The women's field hockey tournament at the 1980 Summer Olympics was the edition of the field hockey event at the Summer Olympic Games. It was held over a six-day period beginning on 25 July, and culminating on 31 July 1980. Games were played across two venues in Moscow, at the Minor Arena at Dynamo Stadium and Young Pioneers Stadium.

Zimbabwe won the gold medal finishing top of the pool at the conclusion of the pool stage.

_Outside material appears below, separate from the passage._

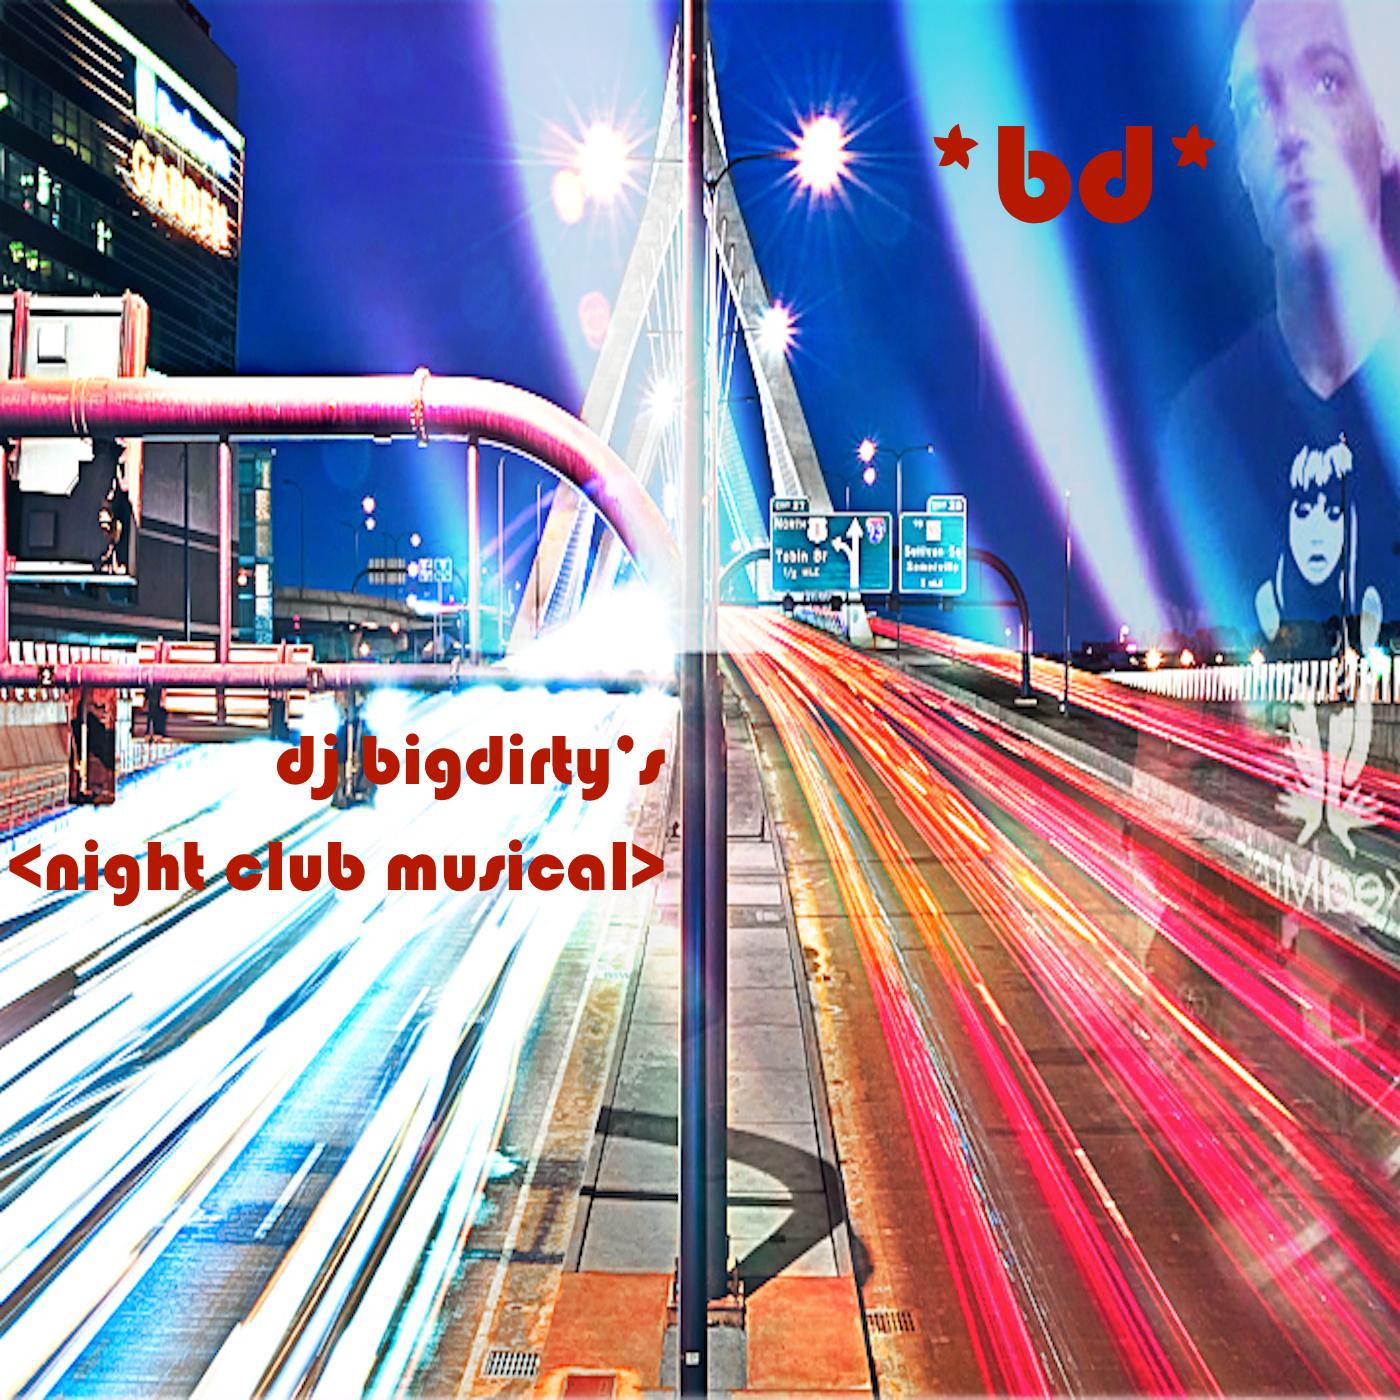 dj bigdirty's: night club musical show art
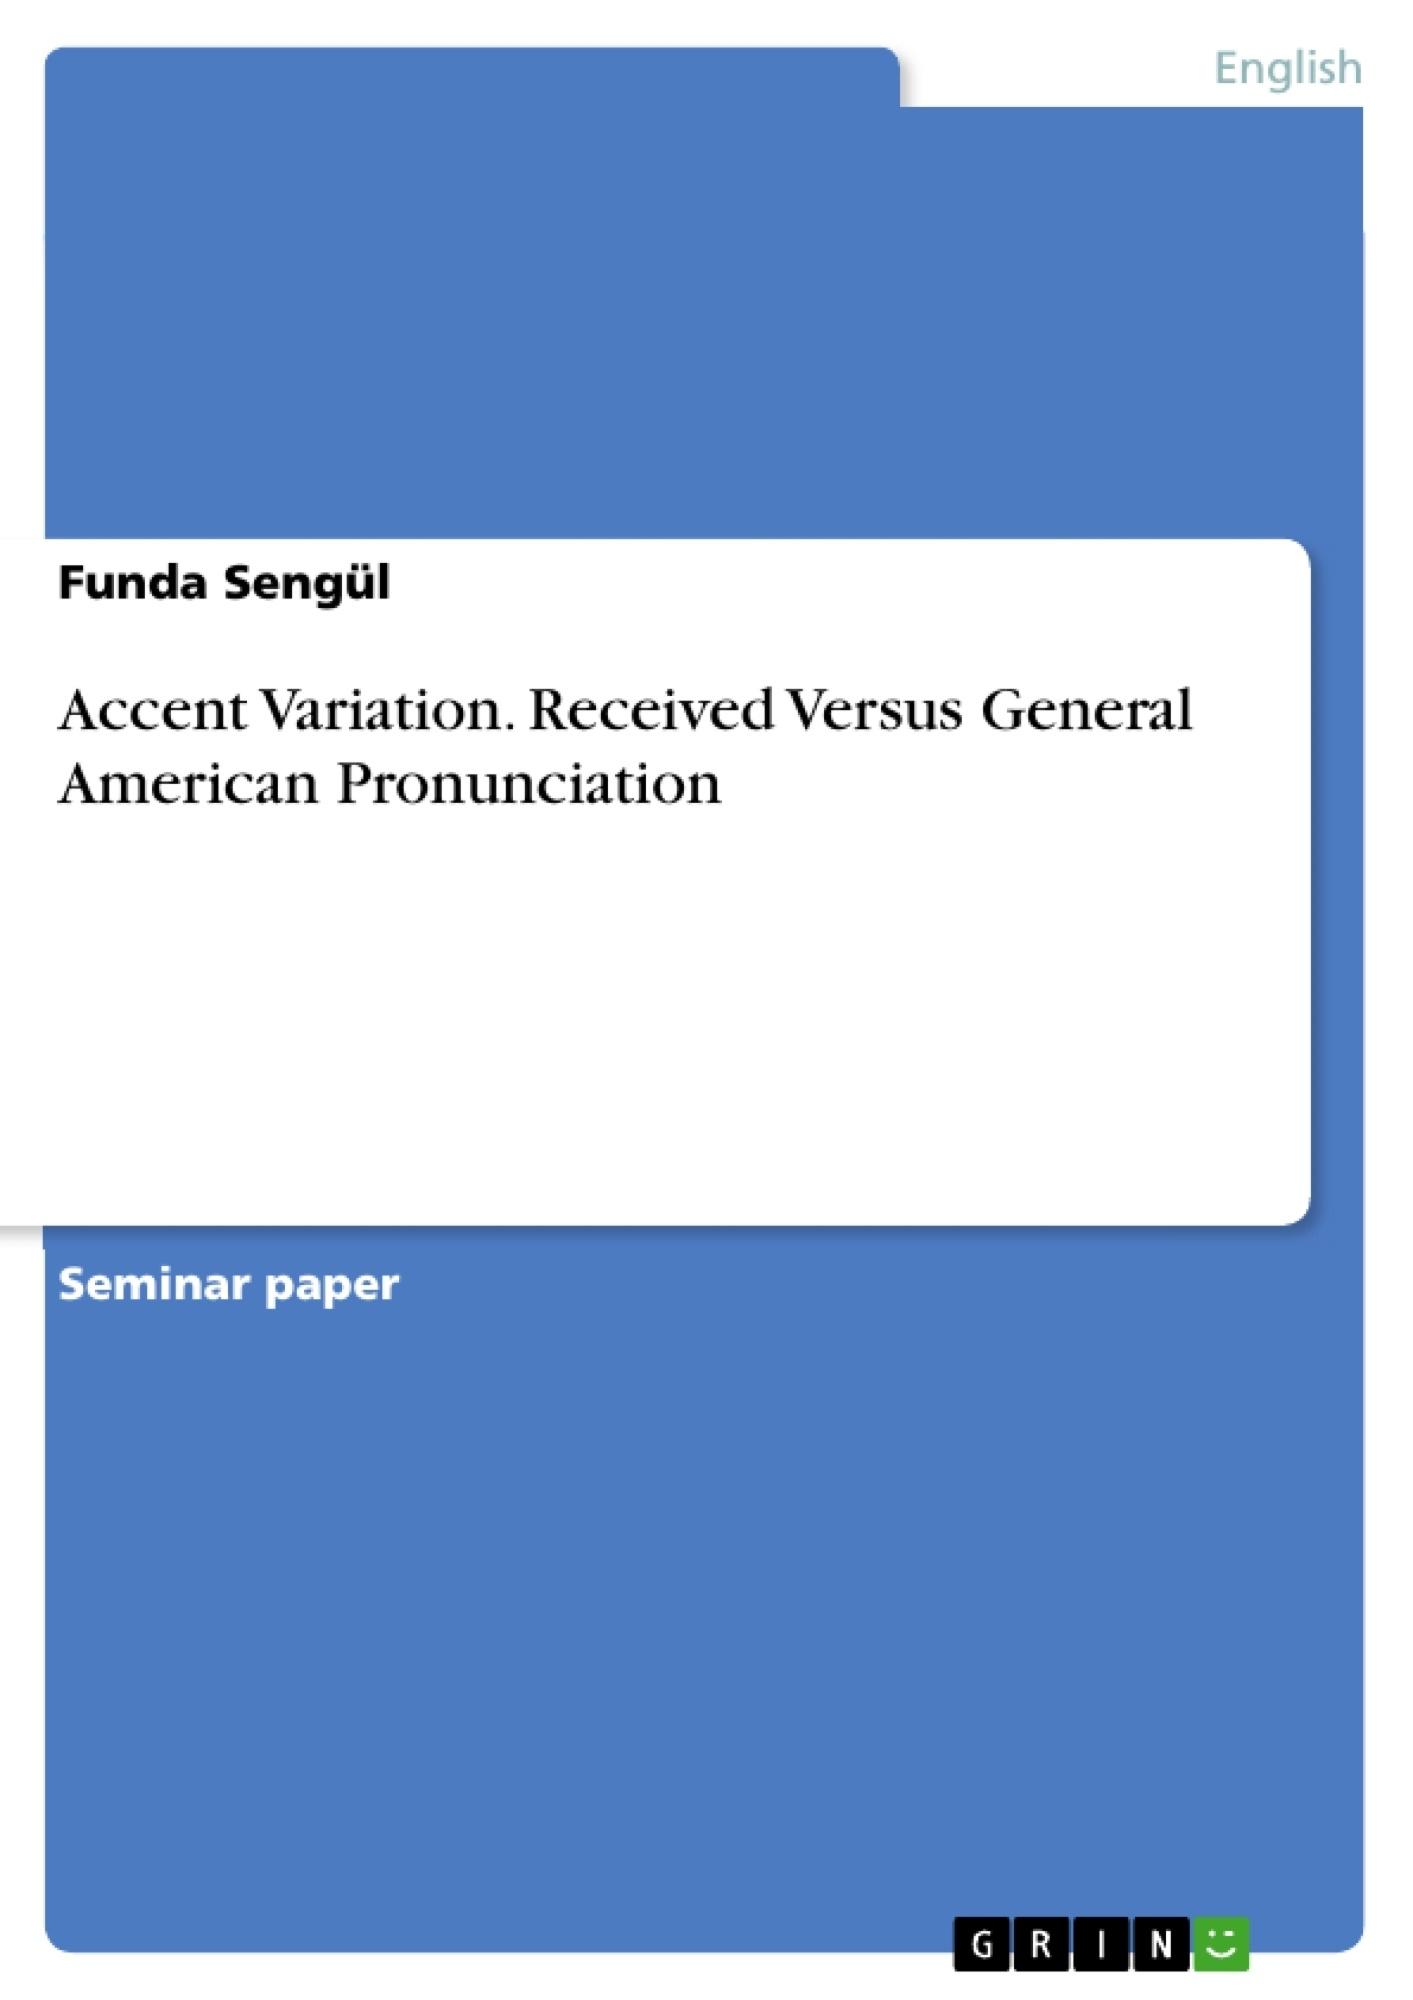 Title: Accent Variation. Received Versus General American Pronunciation

Czechoslovakia and the Soviet Union won the silver and bronze respectively, finishing in second and third place in the pool.

Qualification
In 1980, there was an International Federation of Women's Hockey Associations (IFWHA), separate from the predominantly male Fédération Internationale de Hockey (FIH). Because the FIH was the international federation affiliated to the International Olympic Committee, it supervised the Olympic tournament.

The FIH and IFWHA agreed that qualification for the Olympics would be decided by a joint FIH–IFWHA committee based on the results over the previous two years, including the 1978 (FIH) and 1979 (IFWHA) women's world championships.

Five teams qualified to join the host Soviet team:  the Netherlands, West Germany, the United States, New Zealand, and Great Britain (taking the place of Wales, England, and Scotland, who had finished 5th, 6th, and 7th respectively in the 1979 tournament).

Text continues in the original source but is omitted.